Lifestyle changes remain a management priority into old age (Kennedy et al, 2006) despite resistance; one study found that 29% made no effort to change their diet, and 36% were not exercising at all (Huang et al, 2005). Yet diet and exercise-induced weight loss can increase beta-cell function due to reduced glucotoxicity, increase insulin-stimulated glucose disposal (Solomon et al, 2010) and improve cardiovascular risk factors (Look AHEAD [Action for Health in Diabetes] Research Group and Wing, 2010).

Antidiabetes drugs should be considered for hypoglycaemic effect and also for other attributes: effect on weight, glycaemic durability, cardiovascular protection, individual experience with the drug, method of delivery and side-effects profile.

Medication options may be limited in older people with diabetes and comorbidities, owing to adverse drug interactions (Abbatecola et al, 2008). Reduced renal clearance may result in lactic acidosis with metformin, hypoglycaemia with nepaglinide and sulphonylureas, and oedema formation with glitazones (Sampanis, 2008). Insulin doses should be reduced (Sampanis, 2008), and careful use is warranted in older people to minimise the risk of adverse effects (Chelliah and Burge, 2004; Cefalu and Cefalu, 2006; Neumiller and Setter, 2009; Kant et al, 2010).

Evidence for the use of metformin where possible is strong (Holman et al, 2008; Gore and McGuire, 2009; NICE, 2009; Boyle et al, 2010). Where it is contraindicated, insufficient or not tolerated, incretin-based therapies are becoming an attractive option (Abbatecola et al, 2008; NICE, 2009; Pala et al, 2010), particularly dipeptidyl peptidase-4 (DPP-4) inhibitors.

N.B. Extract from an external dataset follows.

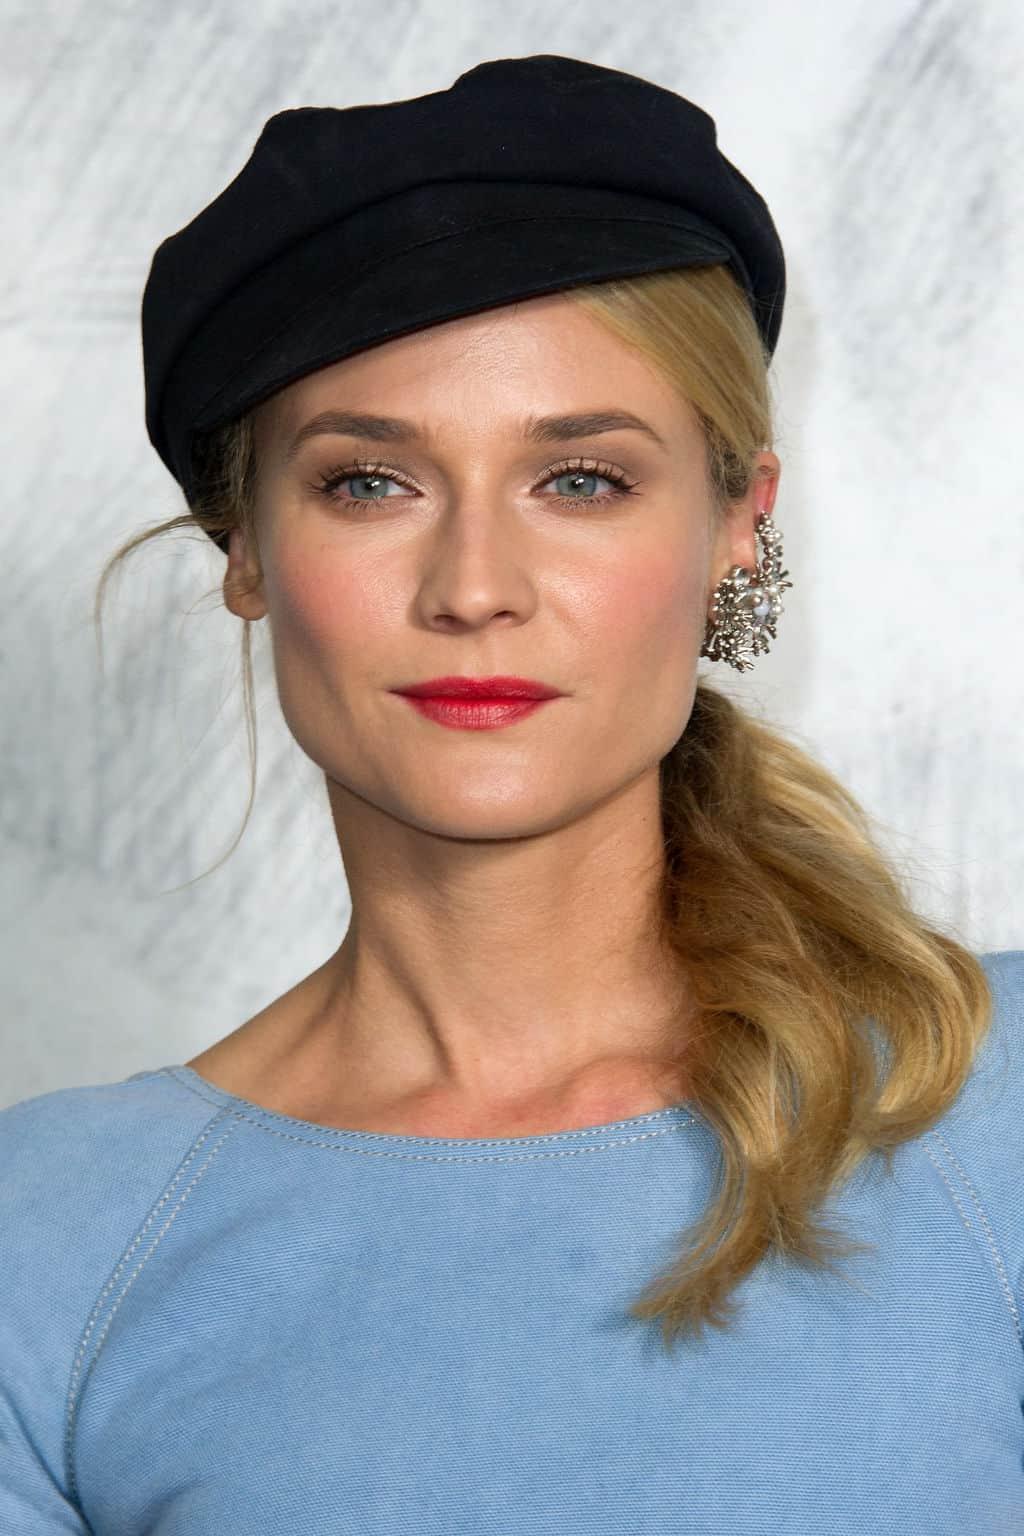 Diane-Kruger-in-Chanel-ear-cuffs

DPP-4 inhibitors are a well-tolerated, efficacious oral treatment option for older people with diabetes (Brazg et al, 2007; Abbatecola et al, 2008; Arzumanyan et al, 2010; Aschner et al, 2010; Engel et al, 2010; Seck et al, 2010), with potentially favourable cardiovascular implications (Fadini et al, 2010) and possibly a more sustained response to treatment in older than in younger people (Burcelin and Dejager, 2010). Dosage may need to be reduced in people with renal impairment (Piya et al, 2010)

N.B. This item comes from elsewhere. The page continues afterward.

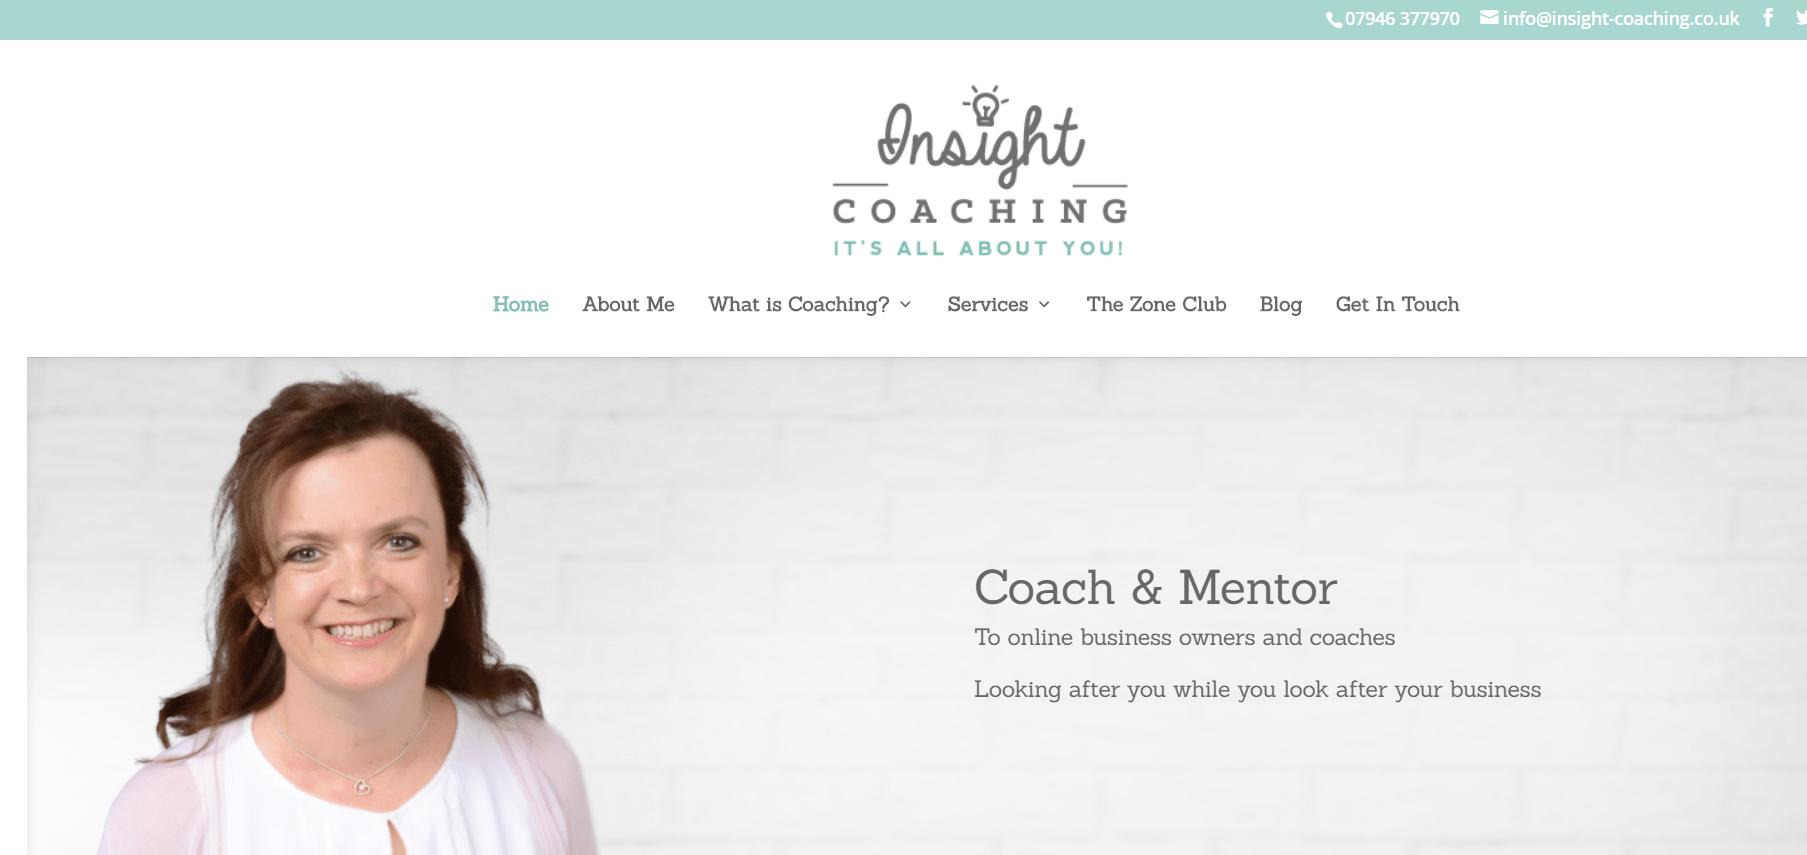 photos in coaching website

Recommendations and conclusion
The author recommends that primary care nurses use the Diabetic Annual Review Guide before consultation in order to highlight problematic biochemistry results and alert the clinician to comorbidities and medication omissions or potential interactions. Pathophysiology can be anticipated and the BP target determined.

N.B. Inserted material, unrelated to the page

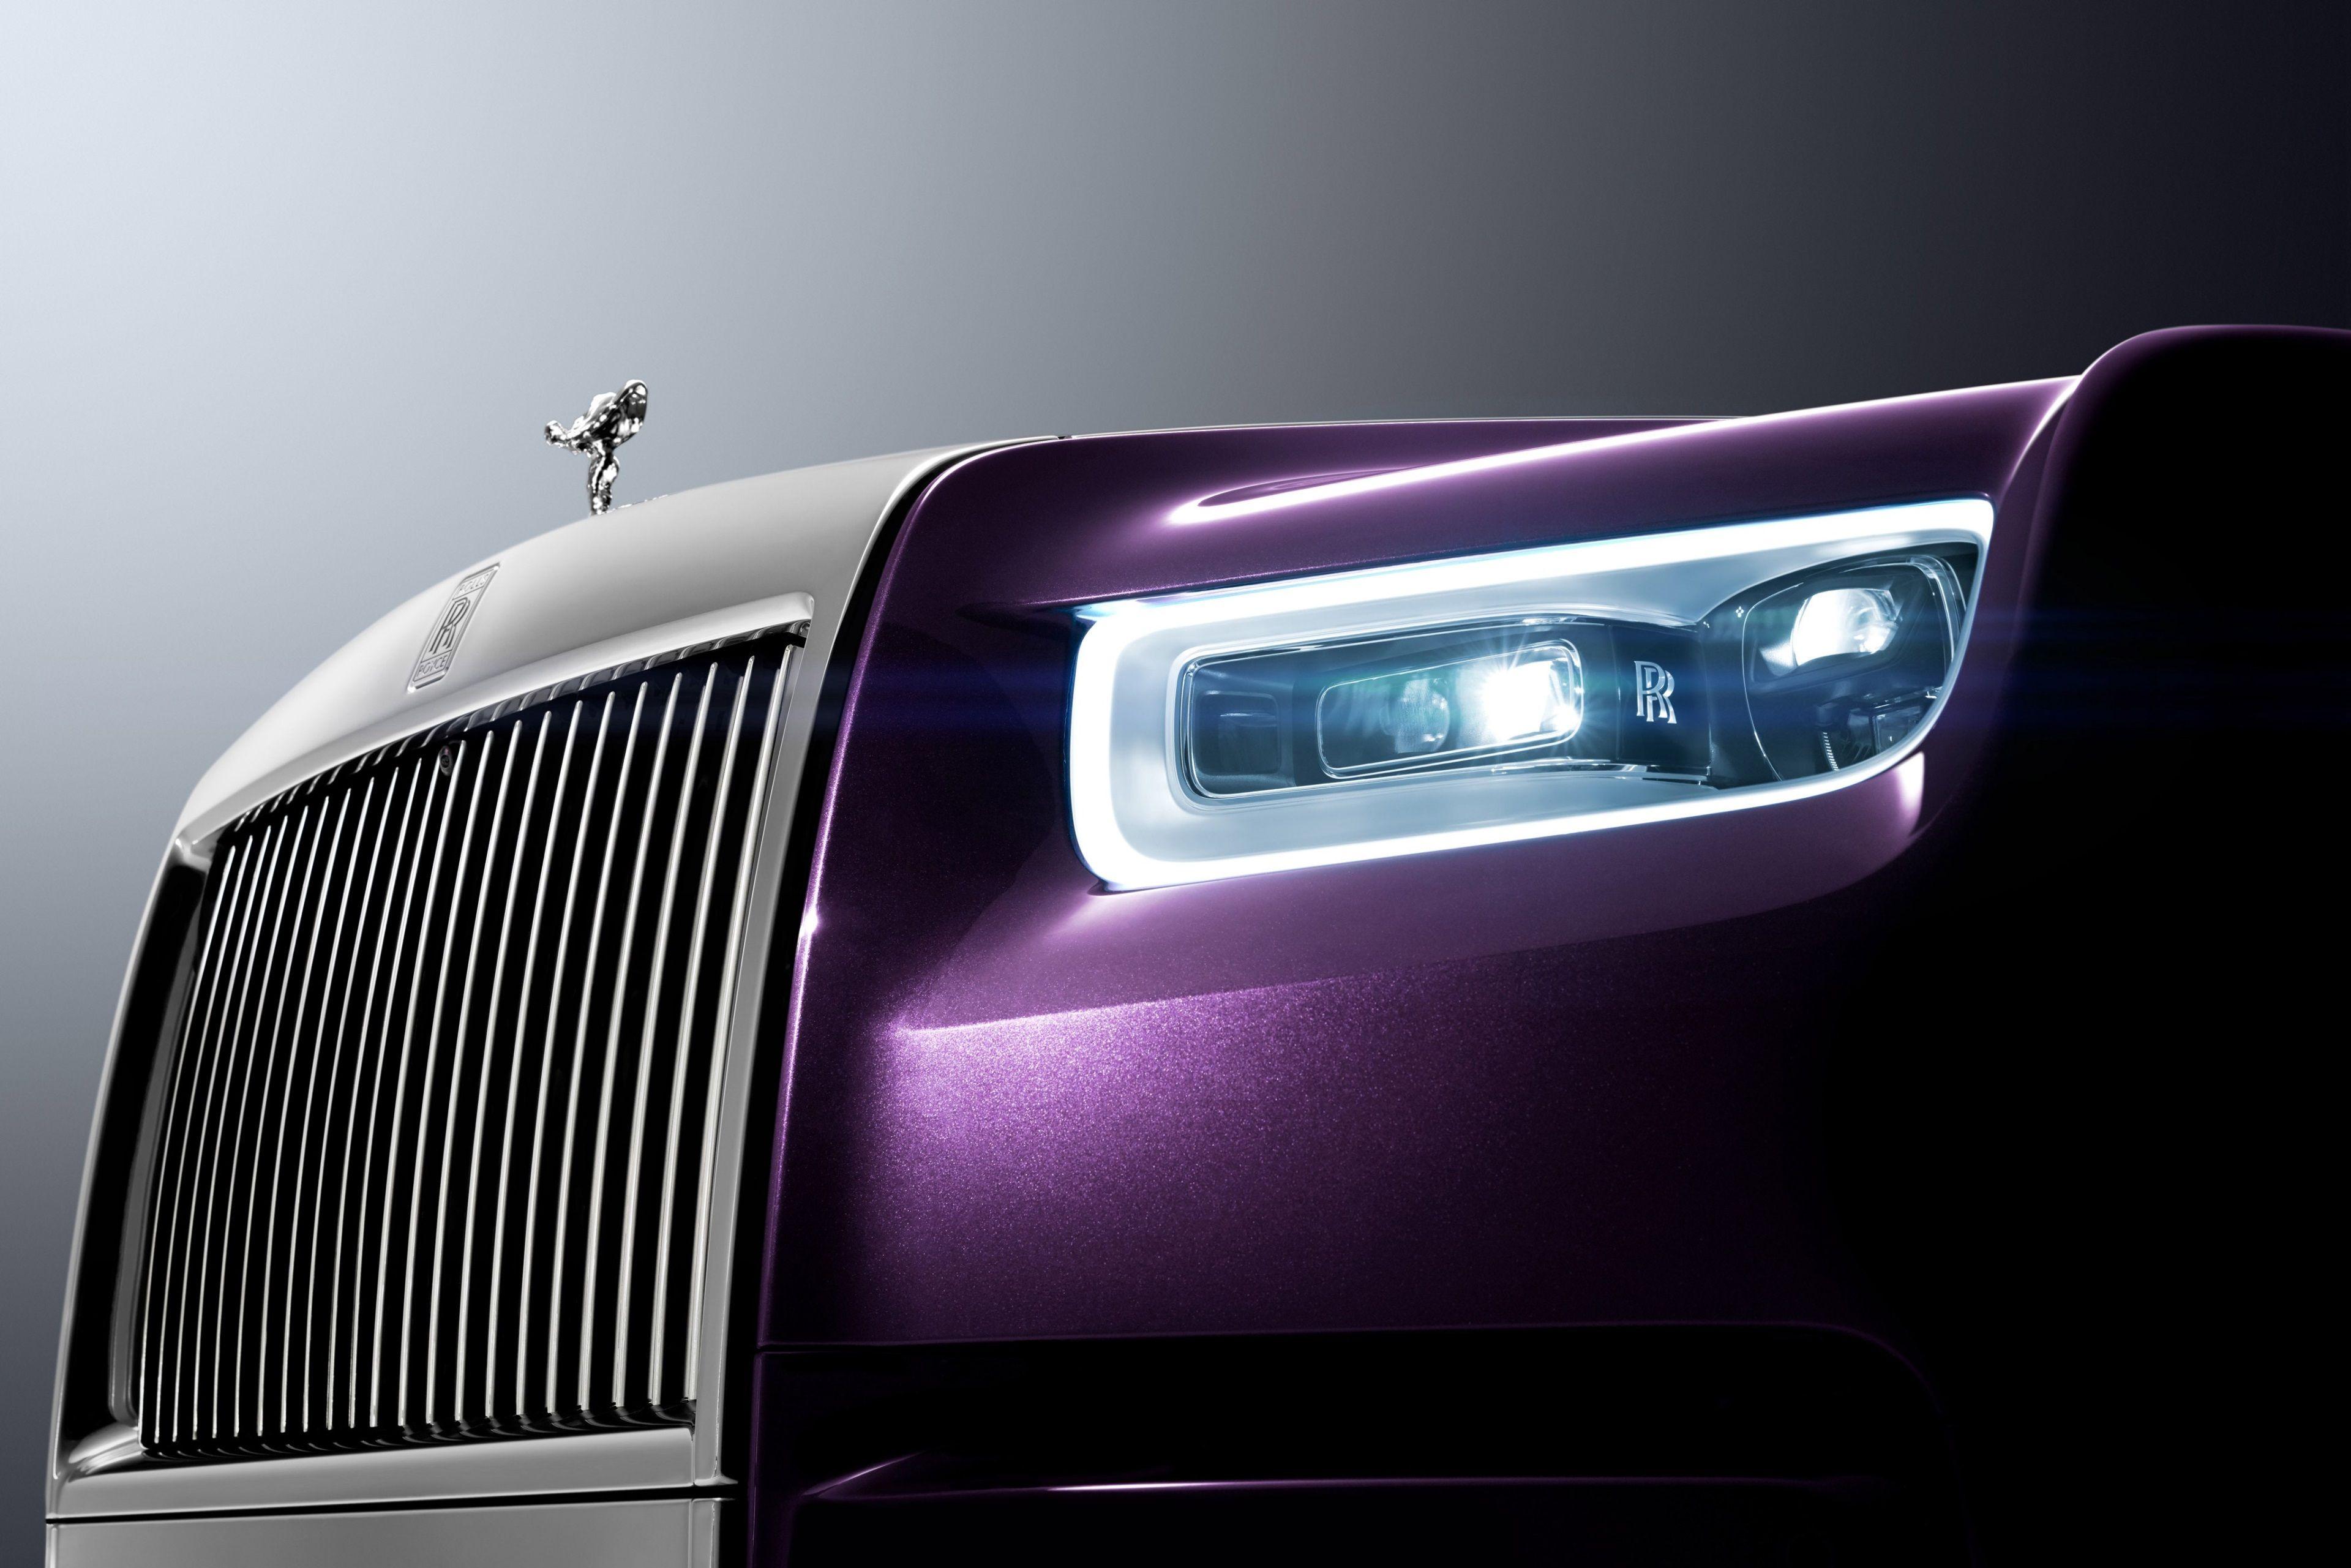 3840x2561 Rolls Royce Phantom Ewb 4k Desktop Hd Wallpaper

During the consultation, personal health attitudes and goals, cognition, depression, frailty and instability can be evaluated with pertinent questioning, and a risk/benefit assessment made. Thereafter, a safe and person-centred decision can be made regarding the glycaemic target. The nurse will be sufficiently well informed to negotiate management strategies in keeping with the individual’s physiological and psychosocial position, and may use appropriate motivational techniques to achieve lifestyle and medication adherence. The completed Review Guide (Appendices 2 and 3) may be scanned into the person’s computer record, providing documented evidence of the decision-making process.

This article highlights the multi-dimensional nature of the experience of diabetes in older people, acknowledges that interventions based on correlations and uncertainty fall short of the gold standard, but offers a framework for individualised decision-making and supported disease management in line with DH intentions.